The only good thing about it was the bridge was deserted and the area devoid of touts and tourists.  I guess the two go together,

Note the turn in the bridge at the far end, designed to withstand the wind and waves.

Along with a solitary monk we sat on a bench a top the worlds longest teak bridge and watched fishermen pulling up their nets and duck herders shepherding their flocks around the lake.  Once they arrived at a grassy area of the lakebed exposed by the low water level, the ducks grazed while their masters chatted amongst themselves or took a nap.

Young monk returning to Kayauk Taw Gyi Pagoda at the far side of the bridge.   He is sporting an umbrella identical to the one Barbara bought at Mingun.  She says hers stinks!  Quite literally -  of resin, but it looks wonderful in photos.   She was told it was only suitable for use as a parasol but as we see the local use them in the rain too.
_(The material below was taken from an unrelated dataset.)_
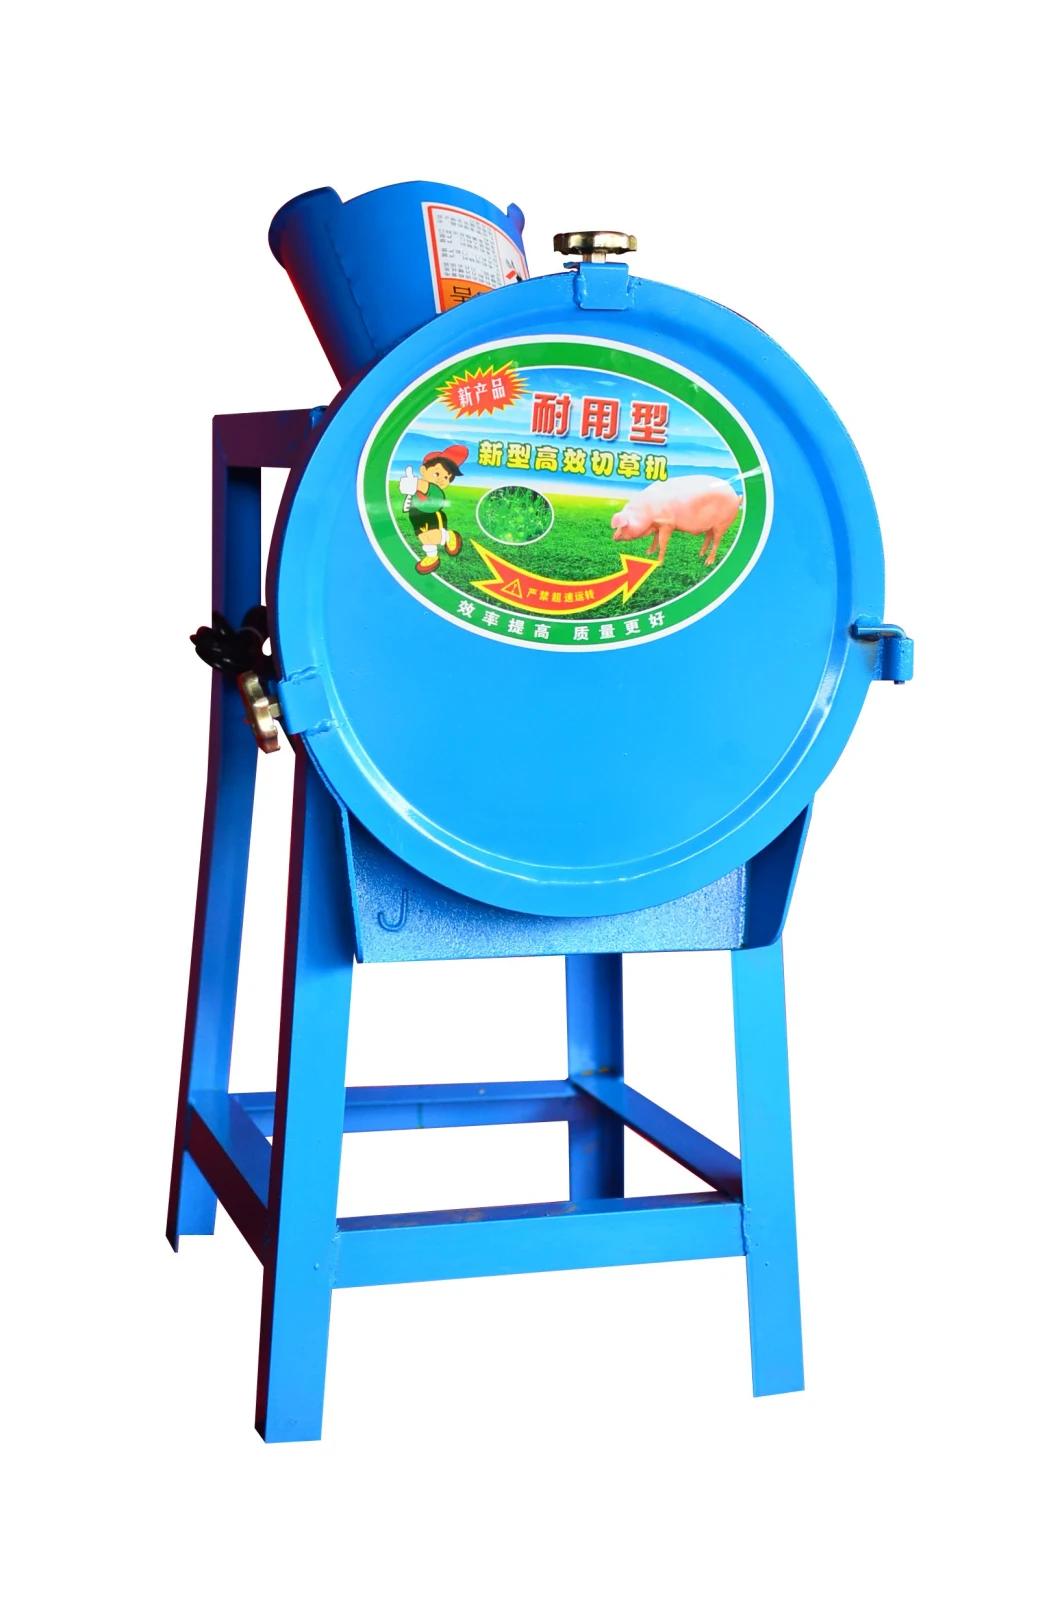 High Quality Food Processing Machine Fodder Cutter Machine for Farm Animal Feeding
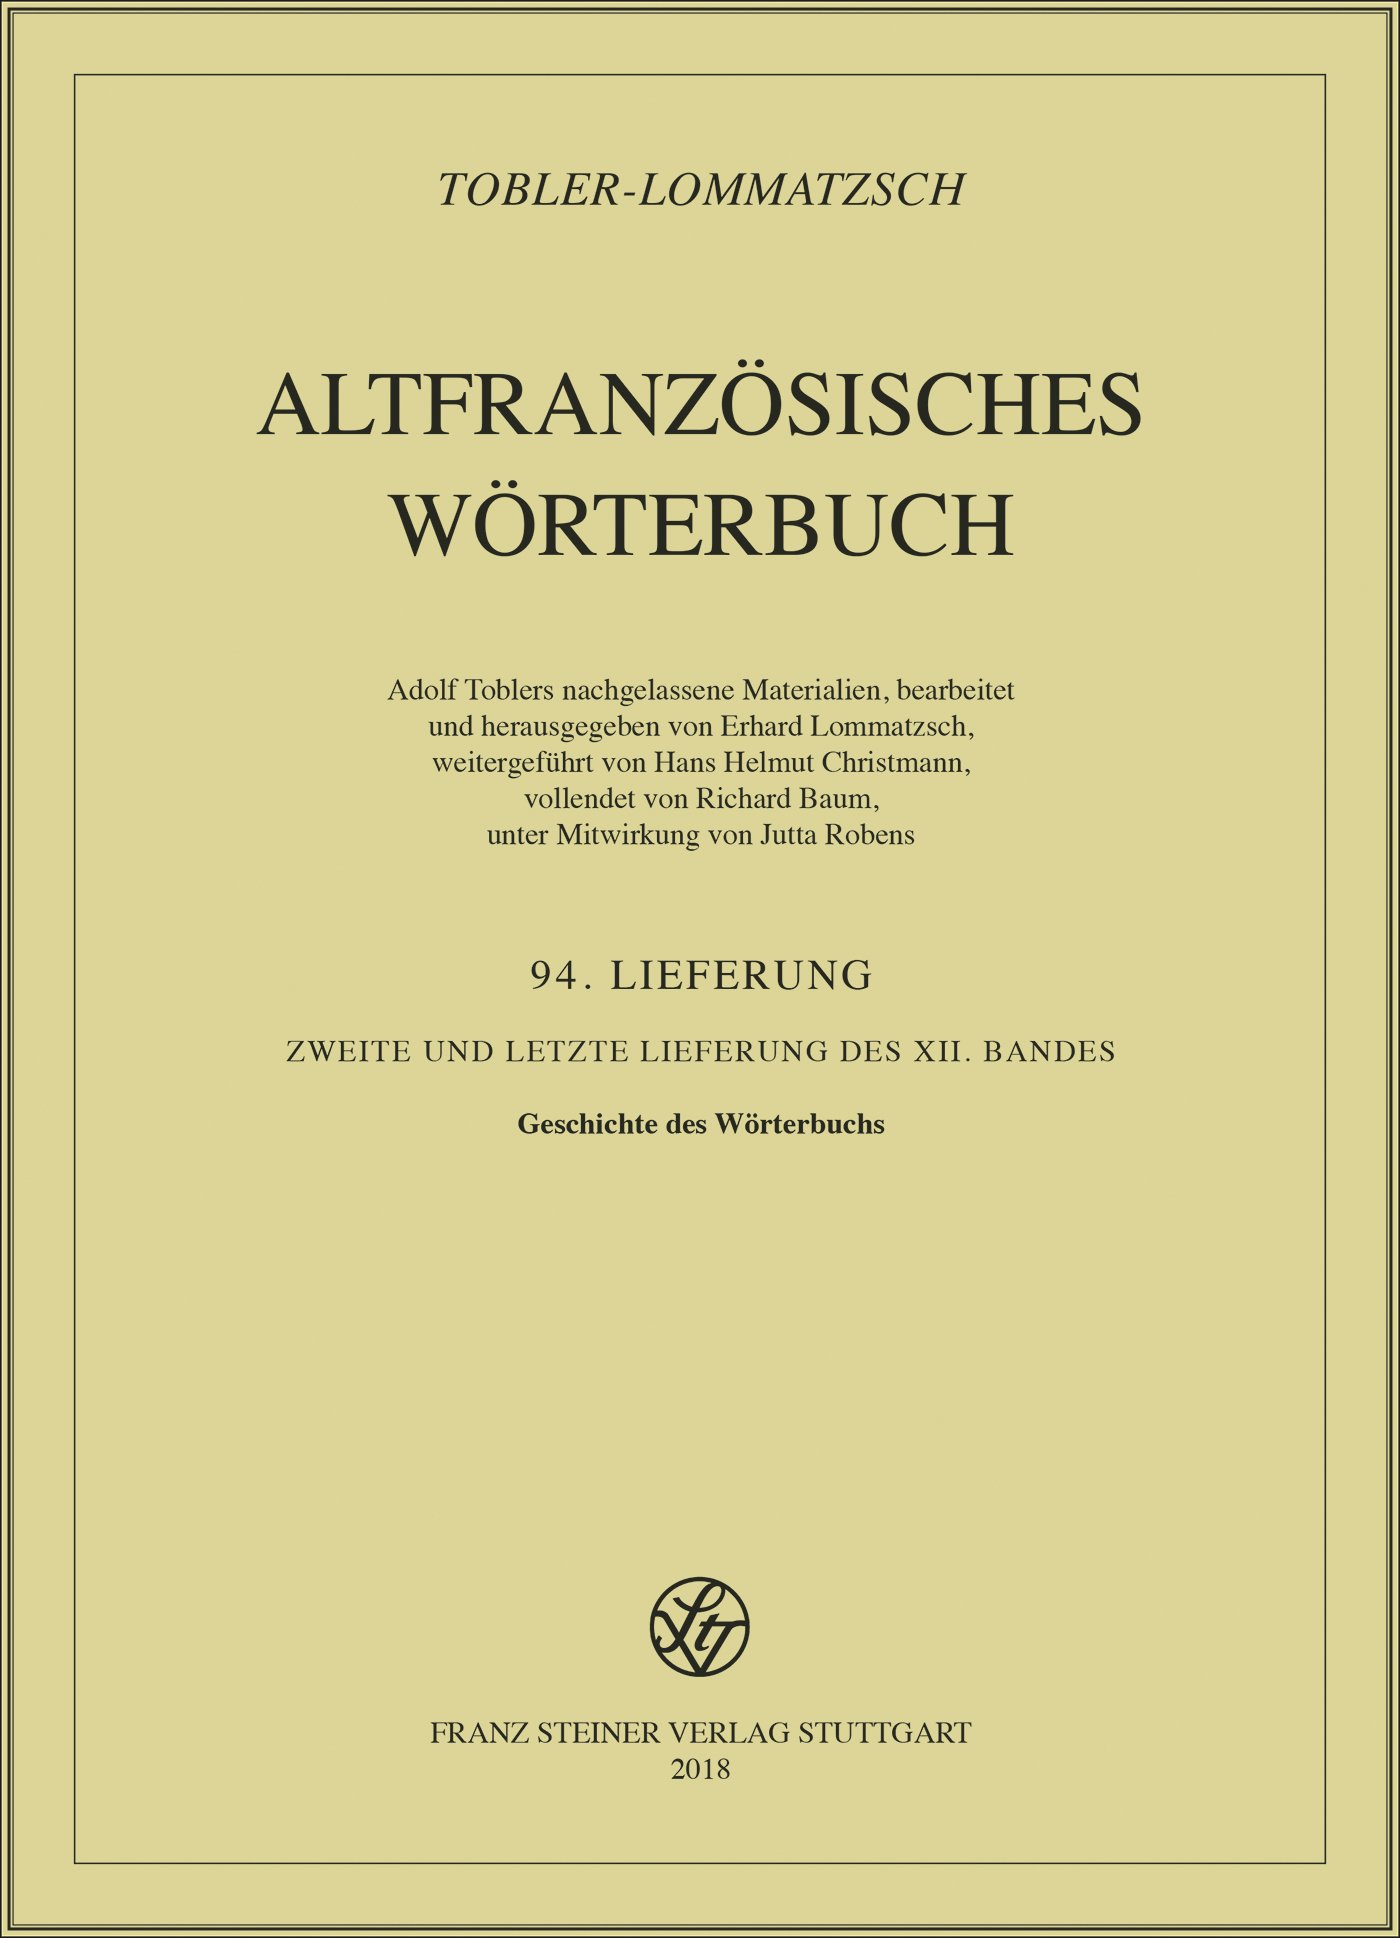 Altfranzösisches Wörterbuch. Band 12. Lieferung 94

Neglected pagoda in an area of jungle.  

Our original plan called for an early morning visit to the bridge to see it before the tour buses arrived and to return again at sunset.   As we arrived back at the other side the buses and touts were arriving in droves despite the weather.  

We drove to the ferry dock to catch the boat to Ava but it was deserted, boats were tied up but there was no sign of boatmen.   Time to admit defeat.   We drove back to Mandalay to visit the places described in the previous 3 pages.  We would however manage to find a few hours after our return from Hsipaw and Maymyo to see the bridge and Ava in the sunshine.  Sagaing will have to wait for another visit.